If this is enabled, your batches will automatically get truncated
and the trainer will apply Truncated Backprop to it.
(`Williams et al. "An efficient gradient-based algorithm for on-line training of
recurrent network trajectories."
<http://citeseerx.ist.psu.edu/viewdoc/download?doi=10.1.1.56.7941&rep=rep1&type=pdf>`_)

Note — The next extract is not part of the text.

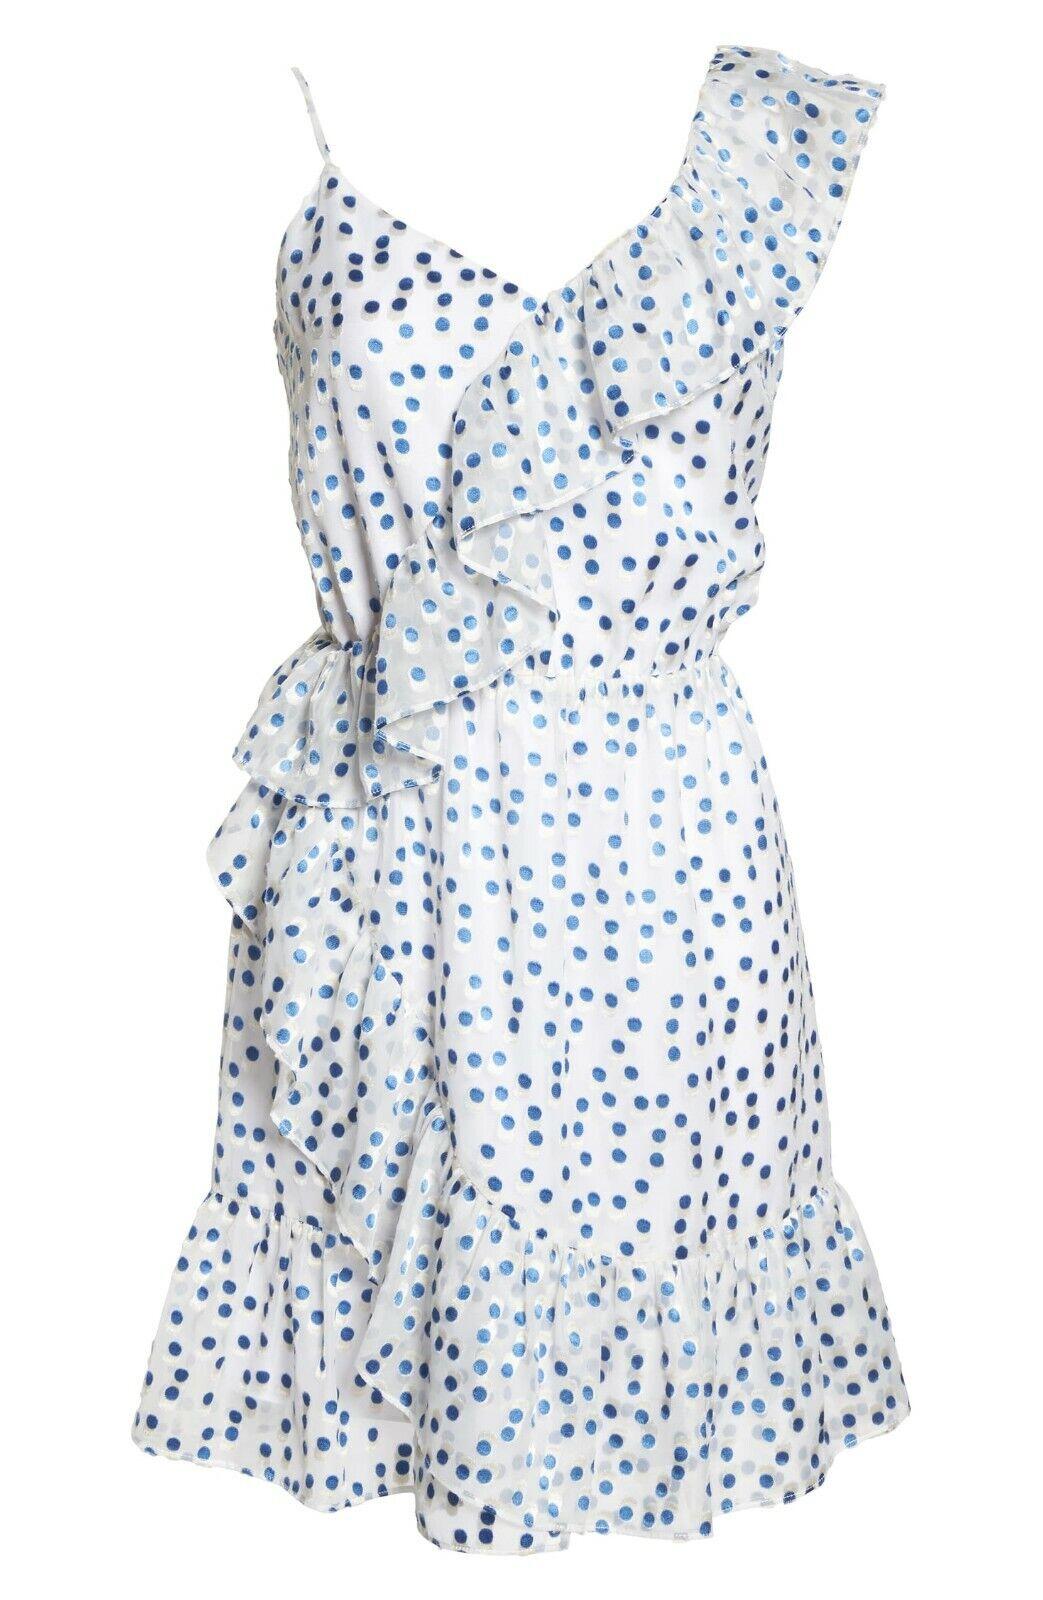 nyA Lilly Pulitzer XL Klättra Madelina blå vit Polka Dot Ruffle Slieveless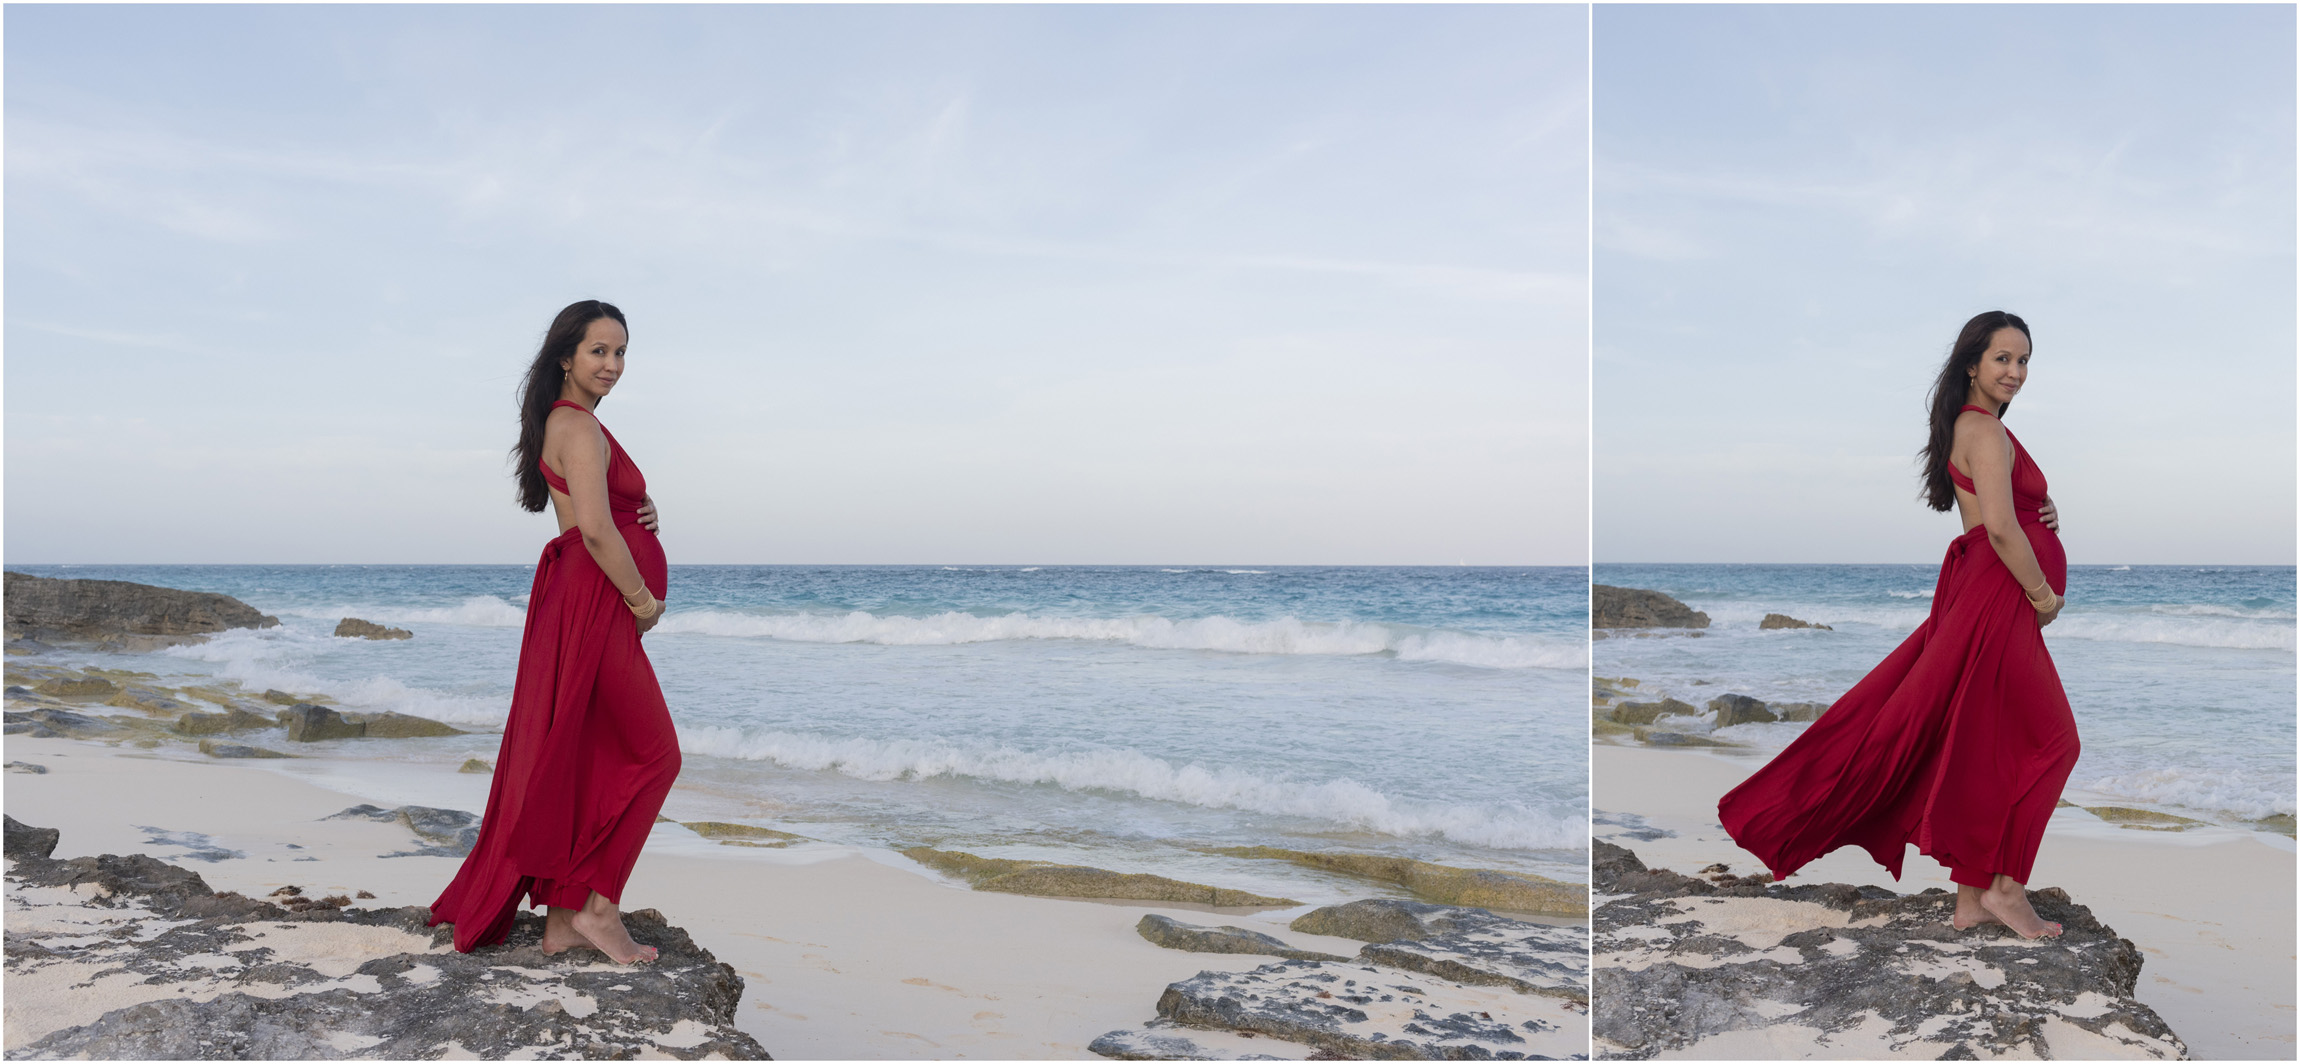 ©FianderFoto_Bermuda Maternity Photographer_Kat_John_J_005.jpg

`Tutorial <https://d2l.ai/chapter_recurrent-neural-networks/bptt.html>`_
.. testcode:: python
from pytorch_lightning import LightningModule
class MyModel(LightningModule):
def __init__(self, input_size, hidden_size, num_layers):
super().__init__()
# batch_first has to be set to True
self.lstm = nn.LSTM(
input_size=input_size,
hidden_size=hidden_size,
num_layers=num_layers,
batch_first=True,
)
...
# Important: This property activates truncated backpropagation through time
# Setting this value to 2 splits the batch into sequences of size 2
self.truncated_bptt_steps = 2
# Truncated back-propagation through time
def training_step(self, batch, batch_idx, hiddens):
x, y = batch
# the training step must be updated to accept a ``hiddens`` argument
# hiddens are the hiddens from the previous truncated backprop step
out, hiddens = self.lstm(x, hiddens)
...
return {"loss": ..., "hiddens": hiddens}
Lightning takes care of splitting your batch along the time-dimension. It is
assumed to be the second dimension of your batches. Therefore, in the
example above we have set ``batch_first=True``.
.. code-block:: python
# we use the second as the time dimension
# (batch, time, ...)
sub_batch = batch[0, 0:t, ...]
To modify how the batch is split,
override :meth:`pytorch_lightning.core.LightningModule.tbptt_split_batch`:
.. testcode:: python
class LitMNIST(LightningModule):
def tbptt_split_batch(self, batch, split_size):
# do your own splitting on the batch
return splits
--------------
Hooks
^^^^^
This is the pseudocode to describe the structure of :meth:`~pytorch_lightning.trainer.Trainer.fit`.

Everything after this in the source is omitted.